Informatie bij vragen 3 en 4.

Uit andere experimenten van Coutant bleek dat zeebaarzen een langdurig verblijf in water met een temperatuur van meer dan 25,0 °C niet kunnen overleven.
In een klein meer, Lake Cherokee genaamd, werd het water gedurende de zomer zo door de zon verwarmd dat het 25,0°-niveau steeds dieper kwam te liggen.
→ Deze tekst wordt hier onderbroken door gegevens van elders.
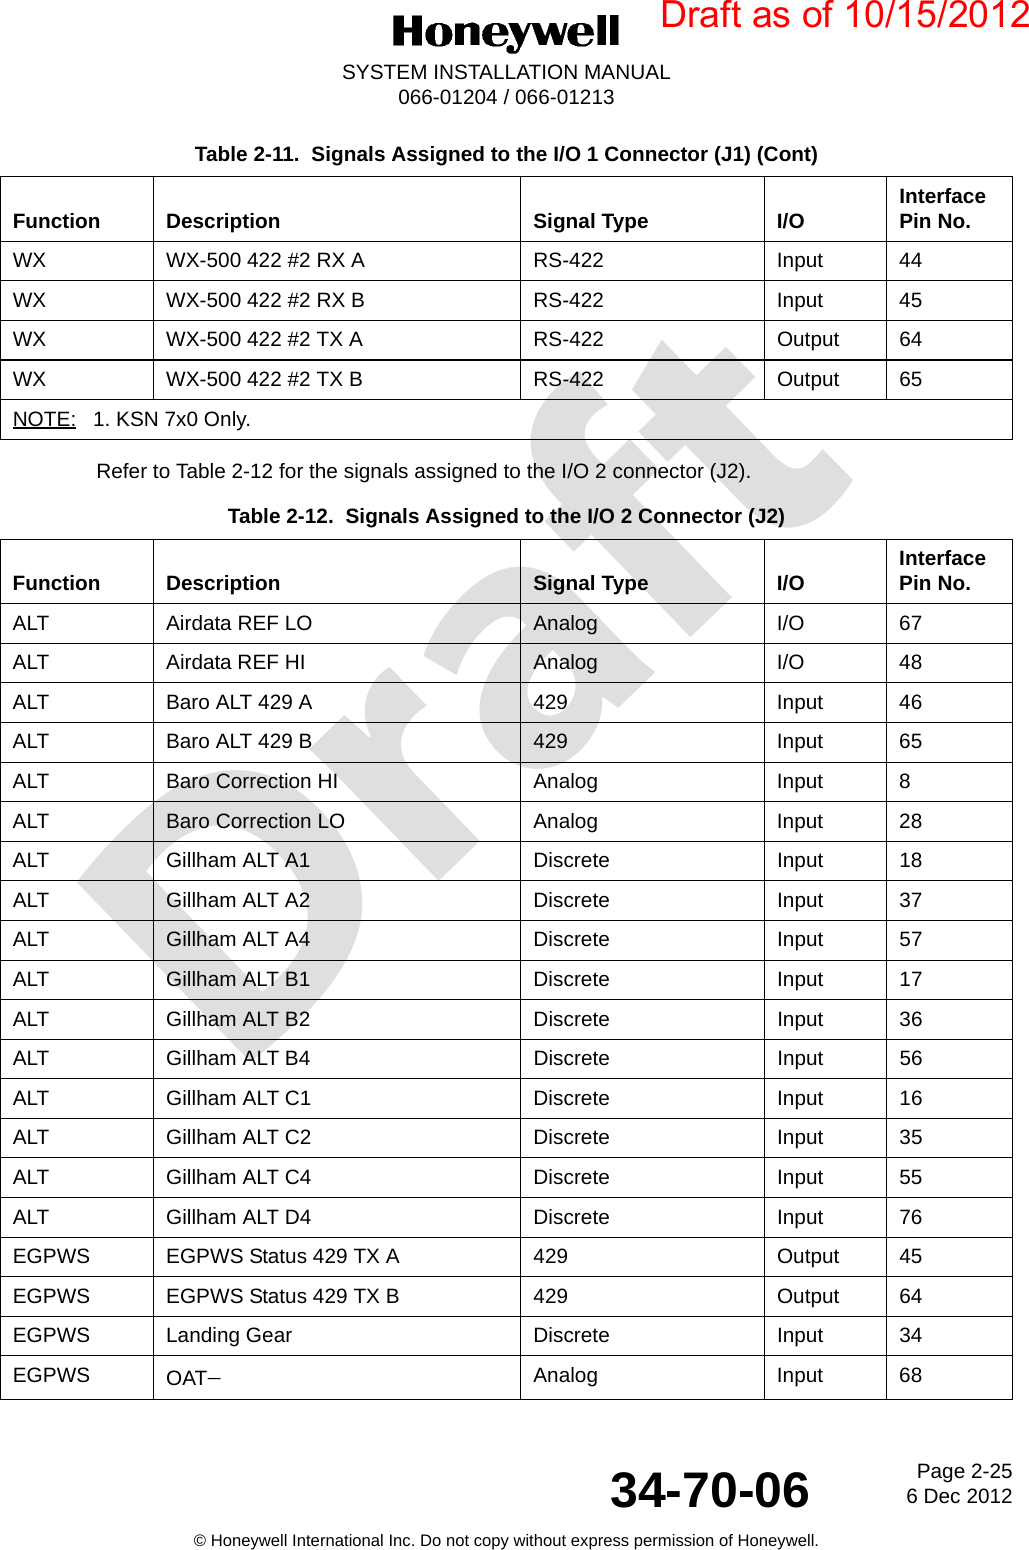 DraftPage 2-256 Dec 201234-70-06SYSTEM INSTALLATION MANUAL066-01204 / 066-01213© Honeywell International Inc. Do not copy without express permission of Honeywell.Refer to Table 2-12 for the signals assigned to the I/O 2 connector (J2).WX WX-500 422 #2 RX A RS-422 Input 44WX WX-500 422 #2 RX B RS-422 Input 45WX WX-500 422 #2 TX A RS-422 Output 64WX WX-500 422 #2 TX B RS-422 Output 65NOTE: 1. KSN 7x0 Only.Table 2-12.  Signals Assigned to the I/O 2 Connector (J2) Function Description Signal Type I/O Interface Pin No.ALT Airdata REF LO Analog I/O 67ALT Airdata REF HI Analog I/O 48ALT Baro ALT 429 A 429 Input 46ALT Baro ALT 429 B 429 Input 65ALT Baro Correction HI Analog Input 8ALT Baro Correction LO Analog Input 28ALT Gillham ALT A1 Discrete Input 18ALT Gillham ALT A2 Discrete Input 37ALT Gillham ALT A4 Discrete Input 57ALT Gillham ALT B1 Discrete Input 17ALT Gillham ALT B2 Discrete Input 36ALT Gillham ALT B4 Discrete Input 56ALT Gillham ALT C1 Discrete Input 16ALT Gillham ALT C2 Discrete Input 35ALT Gillham ALT C4 Discrete Input 55ALT Gillham ALT D4 Discrete Input 76EGPWS EGPWS Status 429 TX A 429 Output 45EGPWS EGPWS Status 429 TX B 429 Output 64EGPWS Landing Gear Discrete Input 34EGPWS OATAnalog Input 68Table 2-11.  Signals Assigned to the I/O 1 Connector (J1) (Cont)Function Description Signal Type I/O Interface Pin No.Draft as of 10/15/2012

Bij het begin van de zomer lag dit niveau net aan het wateroppervlak (figuur 1a). 80 dagen later had de bovenste 65% van het water een temperatuur van meer dan 25,0 °C (figuur 1b).

1a  1b

Coutant ontdekte bovendien dat zeebaarzen alleen kunnen leven in water dat ten minste 2 mg zuurstof per liter water bevat.
Door rotting van gezonken organismen ontwikkelde zich in Lake Cherokee gedurende de zomer vanaf de bodem een steeds dikker wordende laag water met te weinig zuurstof.
Bij het begin van de zomer bevatte het water op de bodem nog juist 2 mg zuurstof per liter (figuur 2a). 80 dagen later was er echter te weinig zuurstof in de onderste 60% van het water (figuur 2b).

2a  2b

Neem aan dat beide verschijnselen lineair in de tijd verlopen.